The OBITools formatted taxonomy

Management of the taxonomy

Filtering and annotation steps in the processing of DNA metabarcoding sequence data are greatly eased by the explicit association of taxonomic information to sequences together with an easy access to the taxonomy. Taxonomic information, including a taxonomic identifier, can thus be stored in the set of attributes of each sequence record. Specifically, the taxid attribute is used by the OBITools when querying taxonomic information of a sequence record, nevertheless several OBITools commands can annotate sequence records with taxonomy-related attributes for the user’s convenience. The value of the taxid attribute must be a unique integer referring unambiguously to one taxon in the taxonomic associated database (note that a taxon can be any node in the taxonomic tree).

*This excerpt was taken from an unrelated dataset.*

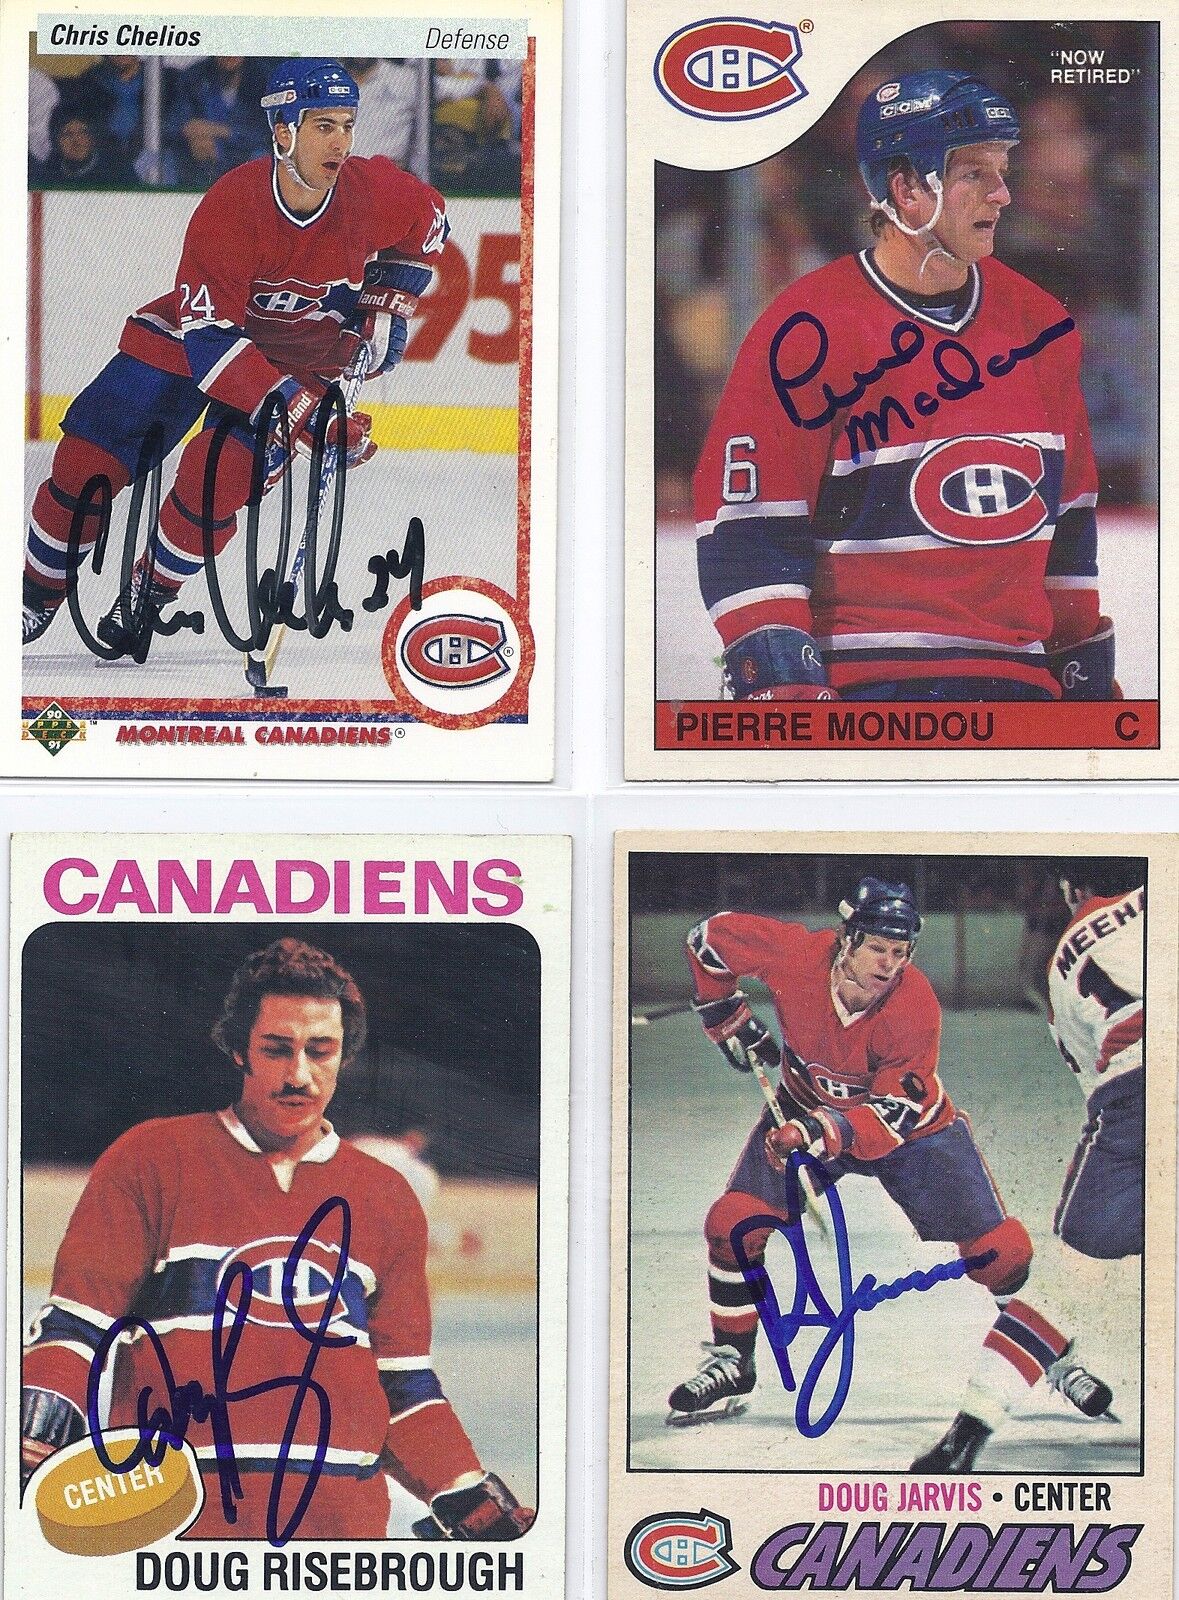 1985-86 OPC #211 Pierre Mondou Montreal Canadiens Signed Autographed Card

Although this is not mandatory, the NCBI taxonomy is a preferred source of taxonomic information as the OBITools provide commands to easily extract the full taxonomic information from it. The command obitaxonomy is useful to build a taxonomic database in the OBITools format from a dump of the NCBI taxonomic database (downloadable at the following URL: ftp://ftp.ncbi.nih.gov/pub/taxonomy/taxdump.tar.gz). Moreover, the obitaxonomy command can enrich an existing taxonomy with private taxa, therefore enabling to associate sequence records to taxa not initially present in the reference taxonomic database. As the OBITools have access to the full taxonomic tree topology, they are able to inform higher taxonomic levels from a taxon identifier (e.g. the family, order, class, phylum, etc. corresponding to a genus) leading to efficient and simple annotation and querying of taxonomic information.